By Megan Loock
Elm Staff Writer
The Trap and Skeet team invites students to join them during one of their community days to learn about how to safely handle firearms at Sudlersville Skeet Club.
According to Captain of Trap and Skeet senior Lanning Tyrell, community days are designed to bridge a relationship between the Trap and Skeet team/sport with the rest of the Washington College campus.
Before 2018, the Trap and Skeet team was not recognized as a varsity sport. The team was a Student Government Association-recognized club that only practiced on Wednesday nights, according to Head Coach of the Trap and Skeet Team Douglas Pfaff ’10.
“As much as I love my sport, it’s almost as interesting as watching paint dry,” Pfaff said. “It’s not until you get involved when it becomes interesting and fun, and that’s the part that we don’t want to lose.”
As a result, community days originated as a club-sponsored event where participants could come and join in at the “open shoots” at the Sudlersville Club.
When Trap and Skeet became an officially recognized sport at WC in 2018, Pfaff wanted to stick to the roots and values that the club established in its very early days when Pfaff started college and joined the club.
As a result, SGA agreed to aid in the transition from a club to a varsity sport, as long as the organization continued providing an event that’s open to the WC community, according to Tyrell.
Tyrell said that he has been hunting since he was a child, however, he did not expect to be as heavily involved in the sport as he is now after he was officially recruited. He is one of two of the original members who were recruited upon the team’s inception — the other being senior Will Sears.
“It just kinda grew into something that I enjoy doing, and here I am now with one semester to go as captain,” Tyrell said.

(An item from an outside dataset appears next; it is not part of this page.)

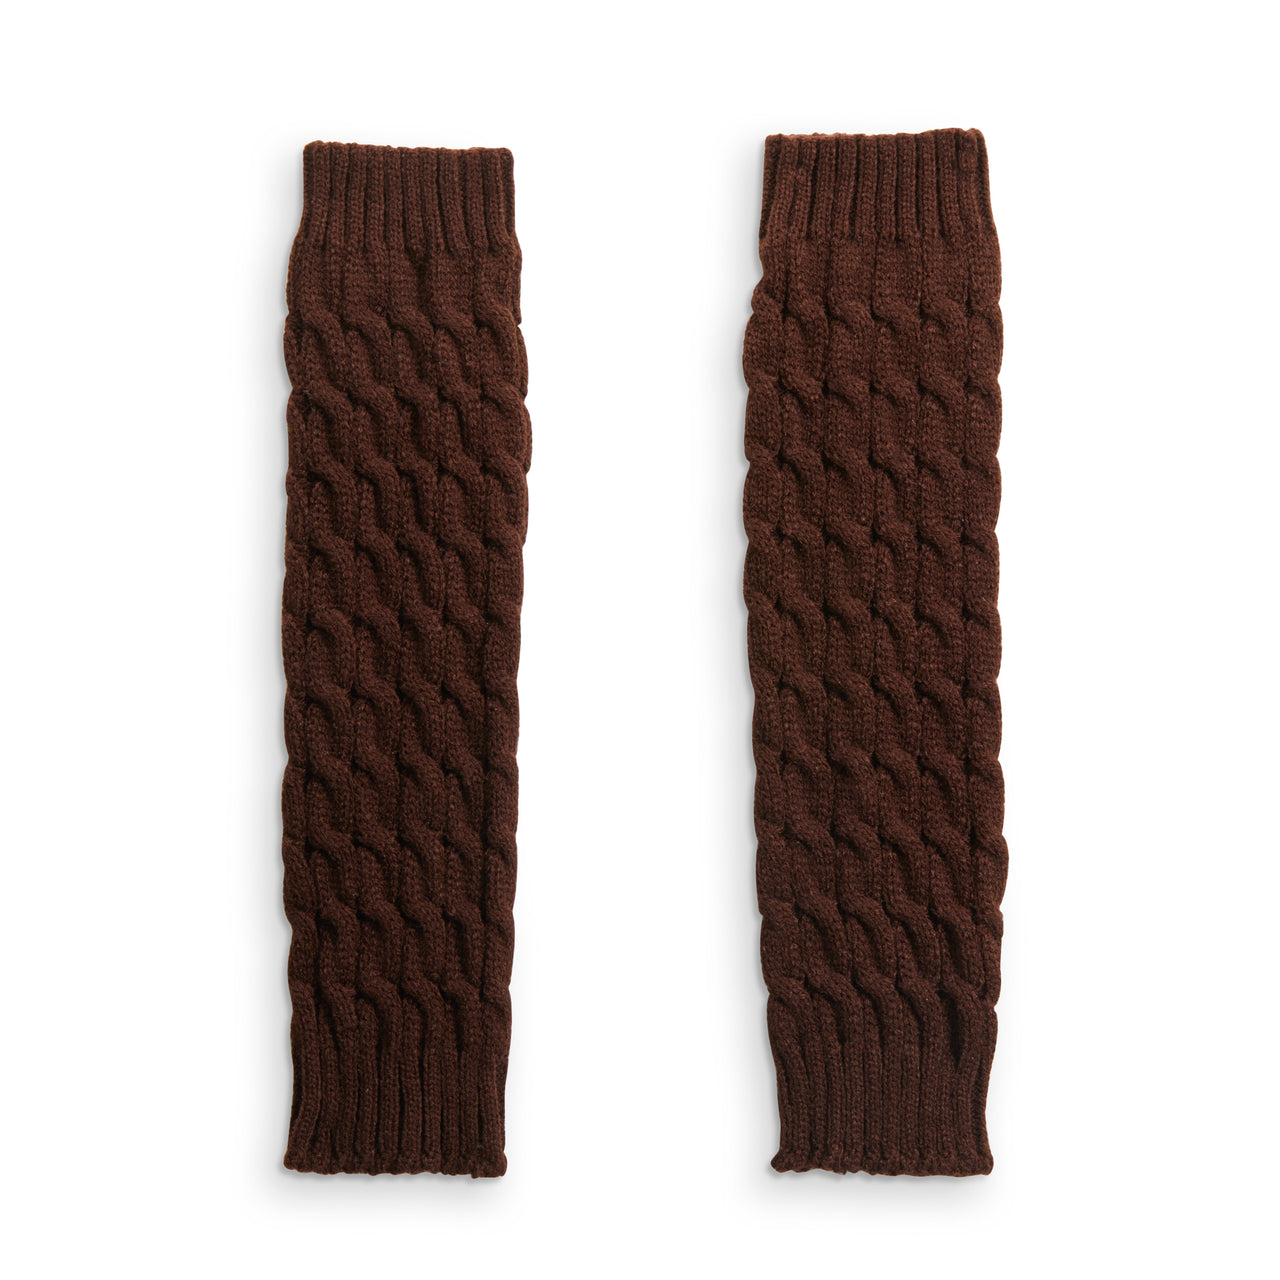 Chocolate Cable Knit Limb Warmers

Pfaff assists and teaches first-time firearm users about gun safety at community day, . Participants learn about the anatomy of the gun — specifically a 12-gauge shotgun — how to prevent accidents, and how to aim in the sport. Members of the team are also there to also help during practice. All firearms and ammunition are provided by the team.
Community days also act as outreach to potential athletes. Unlike sports such as lacrosse, soccer, or basketball, prospective students who are looking to join a collegiate Trap and Skeet team are not able to stop by and observe a practice or competition because their practice and competition area is located off-campus. Pfaff invites potential recruits to the Sudlersville Skeet Club.
However, what Pfaff loves most about Trap and Skeet is how accessible it is due to its low injury rate and disregard for athletic ability.
Back in 2001, Minnesota developed the U.S. State High School Clay Target League to provide a “non-profit corporation…[that is an] independent provider of clay target shooting sports [it is an] extracurricular co-ed and adaptive activity for high schools and students in grades 6 through 12. The League’s priorities are safety, fun, and marksmanship,” according to their website.
Pfaff said that the program in Minnesota provided students who didn’t possess traditional athleticism a chance to be active and exploded as one of the top high school sports in Minnesota in the last decade.
Though trapshooting is considered an activity more than a sport in Minnesota, team members can letter in trapshooting, and the teams are usually recognized in yearbooks, according to The Pioneer Press’s Bob Shaw.
“It’s something that crosses lots of boundaries,” Pfaff said.
The next community day is Sunday, April 24 from 1 to 3 p.m. Team members will meet participants in front of the Office of Public Safety 30 minutes before the posted times, according to Pfaff’s April 7 email.
The link to RSVP can also be found in that email.
“One of the big things that I want to encourage everybody is that even if you don’t want to come and actually try it, come and take a look. It’s something very different than you’re gonna run into, you have to actively seek it out,” Pfaff said.